Welcome! This workshop is from TrainingDataScience.com. Sign up to receive more free workshops, training and videos.

When we first receive some data, it can be in a mess. If we tried to force that data into a model it is more than likely that the results will be useless.

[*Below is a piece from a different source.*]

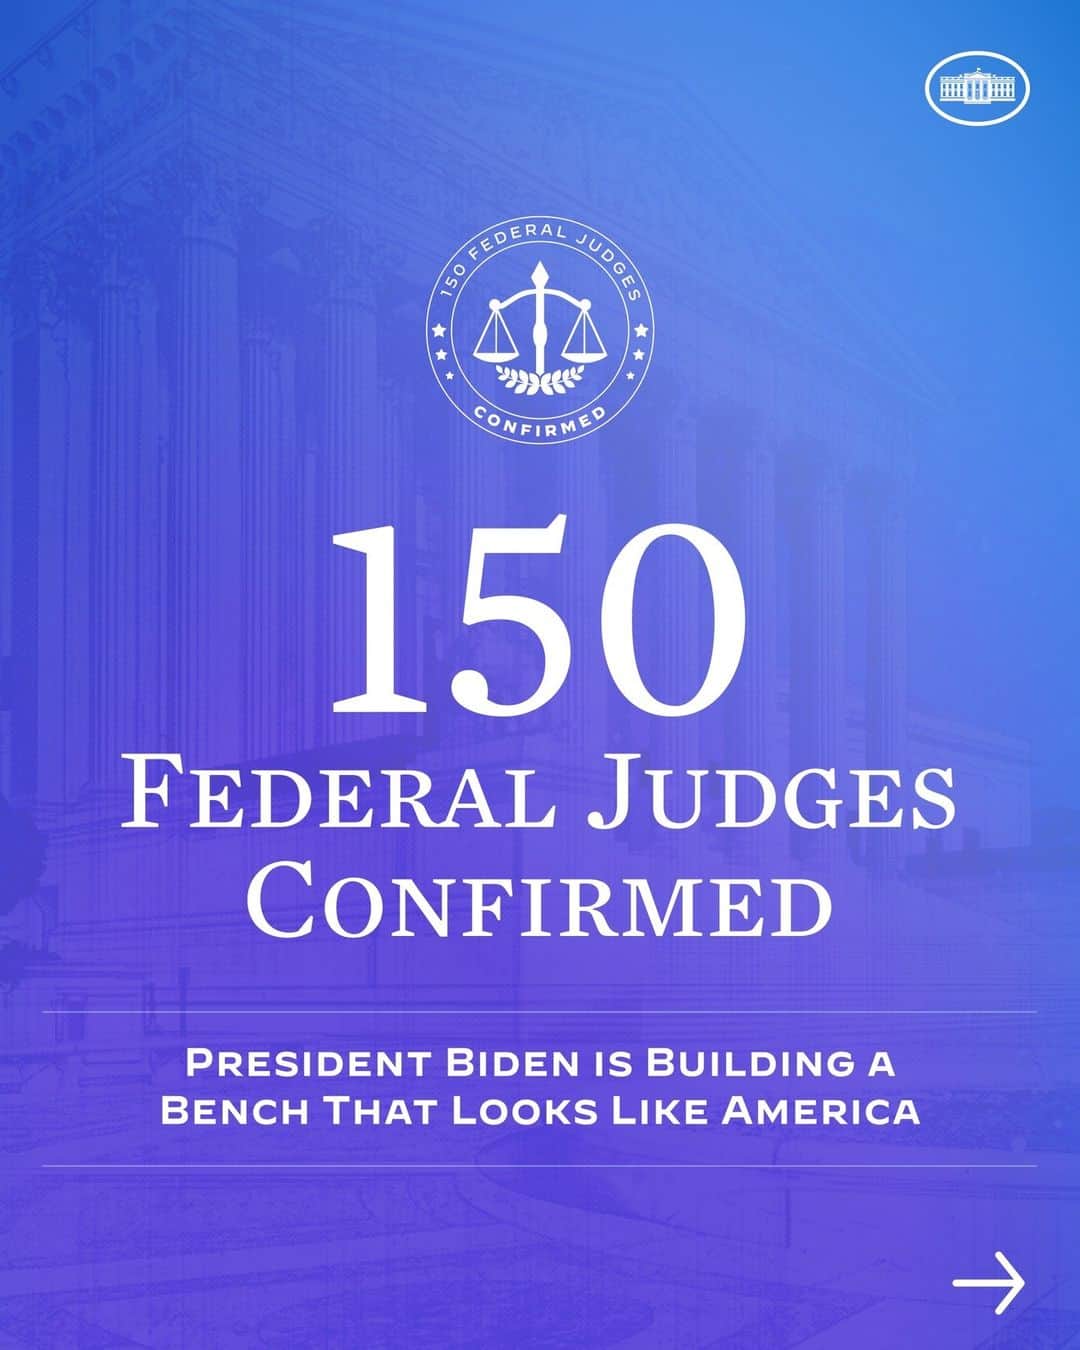 The White Houseのインスタグラム：「NEW: Last night, President Biden reached a major milestone of 150 confirmed federal judges.  These judges come from diverse professional backgrounds that have been underrepresented on the bench for far too long.  Here are a few additional ways these highly qualified jurists are making history.」

So we need to spend a significant amount of time *cleaning* the data. This workshop is all about bad data.

```
# These are the standard imports that we will use all the time.
import os # Library to do things on the filesystem
import pandas as pd # Super cool general purpose data handling library
import matplotlib.pyplot as plt # Standard plotting library
import numpy as np # General purpose math library
from IPython.display import display # A notebook function to display more complex data (like tables)
import scipy.stats as stats # Scipy again
```

For this part of the workshop we’re going to create some “dummy” data. Dummy data is great for messing around with new tools and technologies. And they serve as reference datasets for people to compete against.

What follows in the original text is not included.